# Coefficients of the characteristic equation

1. Apr 3, 2012

### spaghetti3451

let's say you are given the following matrix T:

T11 T12 . . . T1n
T21 T22 . . . T2n
. . .
. . .
. . .
Tn1 Tn2 . . . Tnn

You want to find the characteristic equation for the matrix, which is
$C_{n} \lambda^{n} + C_{n-1} \lambda^{n-1} + ... + C_{1} \lambda + C_{0} = 0.$

Now, $C_{n} = (-1)^{n}$, $C_{n-1} = (-1)^{n-1} Tr(T)$, and $C_{0} = det(T)$.

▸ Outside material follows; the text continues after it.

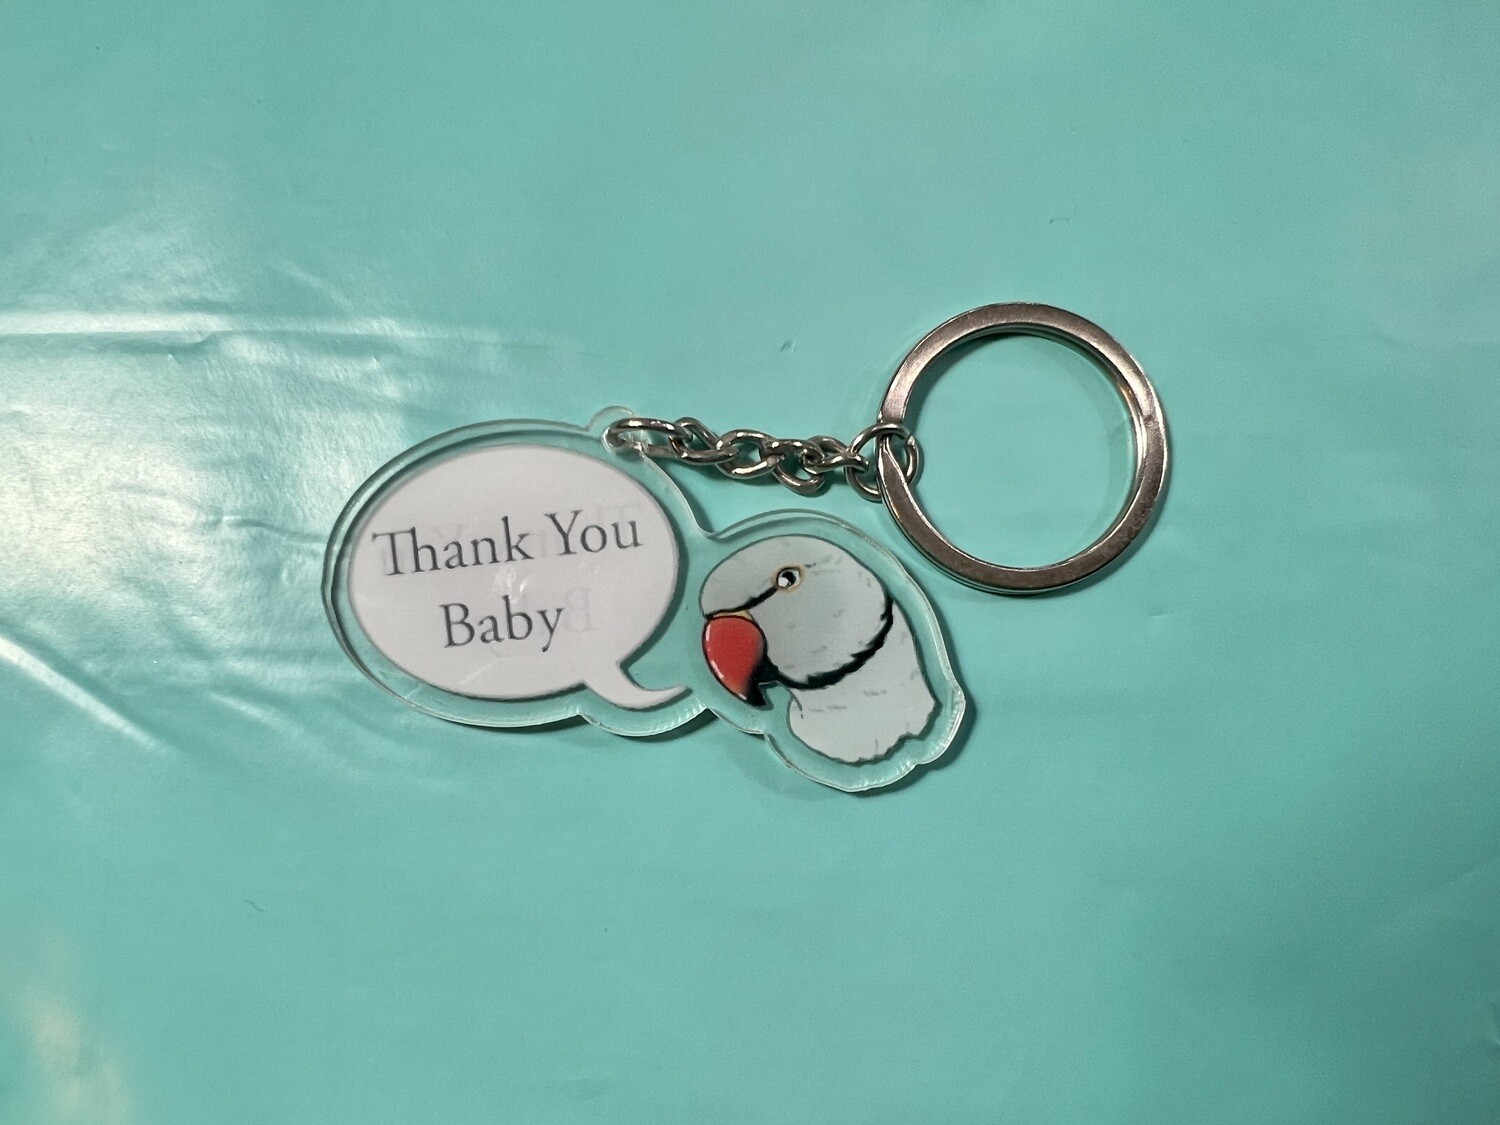 Bubble Head Keychain "Thank You Baby"

I have been having a pretty hard proving these three formulae. The first one looks intuitively obvious and I think I have a fairly good understanding of why the second one has the structure that it has. But the complexity of the matrix notation and the fact that there are so many elements in the matrix is halting my attempts to precisely determine each of the formulae from the matrix. I would appreciate any help. Thanks.

Last edited: Apr 3, 2012
2. Apr 3, 2012

### DonAntonio

The characteristic polynomial, not equation (unless equalled to zero or some other number) is the determinant of $T-xI$ .

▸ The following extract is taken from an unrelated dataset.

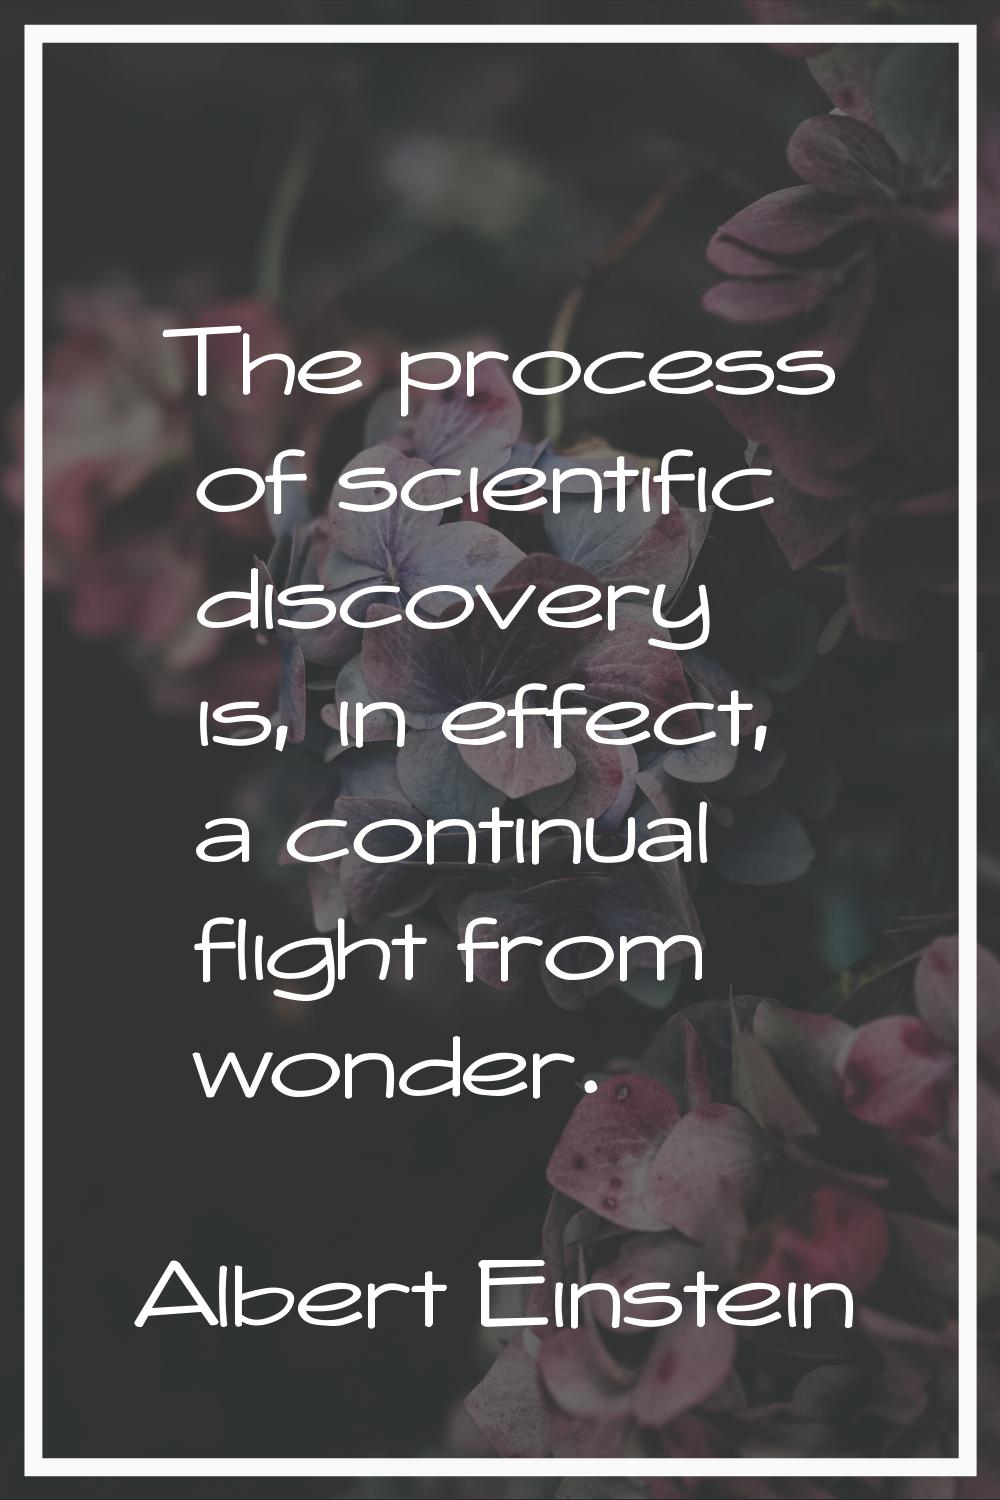 The process of scientific discovery is, in effect, a continual flight from wonder.

If we also know that the determinant is the sum of products of n numbers, each one of which is formed with exactly one element from each row and each column of the matrix, we get at once that one of such products in the above determinant is $(-x)(-x)\cdot...\cdot (-x)=(-1)^nx^n$ , and there is no other product as above with n x's, so this last is the greatest degree term in the pol., and you get $C_n$ .

Now you try to deduce the other two.

DonAntonio

3. Apr 7, 2012

### ajkoer

Co = Det (T) is easy. The last term Co is always the product of the roots. The roots of the characteristic equation for the matrix are the eigenvalues. As the product of the eigenvalues is equal to the Determinant, we are done. Proof of the last statement:

Det (T) = Det (P'EP) = Det(P'PE) = Det (I*E) = Det (E) = e1*e2*...

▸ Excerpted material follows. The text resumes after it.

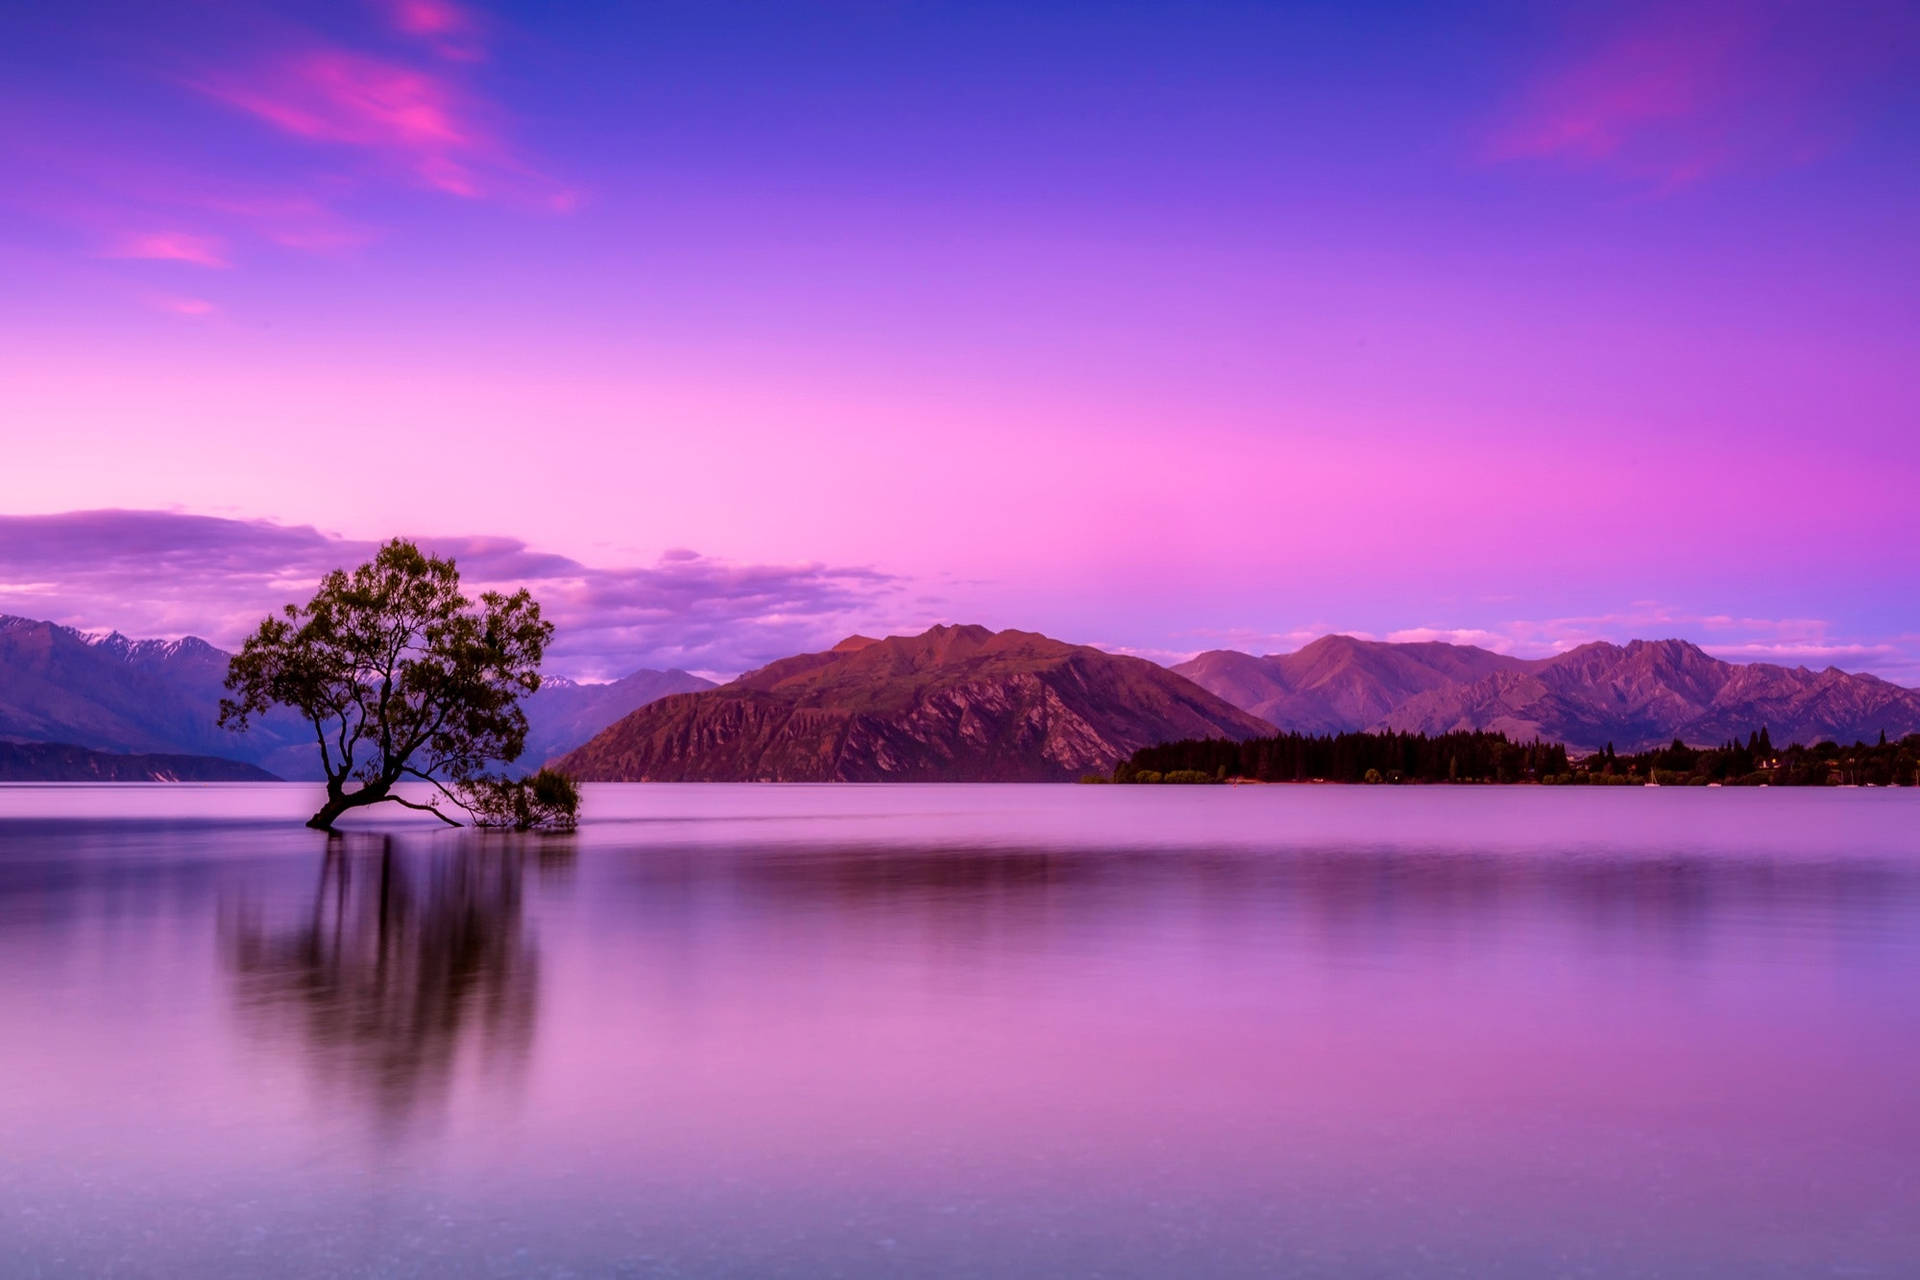 Aesthetic Sky Of Violet Over Mountains Wallpaper

where E is a diagonal matrix with the eigenvalues on the diagonal of matrix T and P'P = I.

Similarly, the second term is always the minus sum of the roots. Note, rescaling the term becomes C(n-1)/C(n) = -1 as was required.

Last edited: Apr 7, 2012
4. Apr 7, 2012

### morphism

One minor difficulty with this approach is that the OP didn't specify the field over which they're working, so one might have to enlarge it so that it contains the eigenvalues of T, and then one has to prove that det and Tr once taken over this enlarged field will give the same values as over the original field.

A more serious problem, however, is that your proof seems to assume that T is diagonalizable. This issue really needs to be addressed. (Suggestion: If we're working over a field that contains the eigenvalues of T then, although T may not be diagonalizable over this field, it's still possible to find a matrix P such that $PTP^{-1}=E$ is upper triangular. This would salvage your argument.)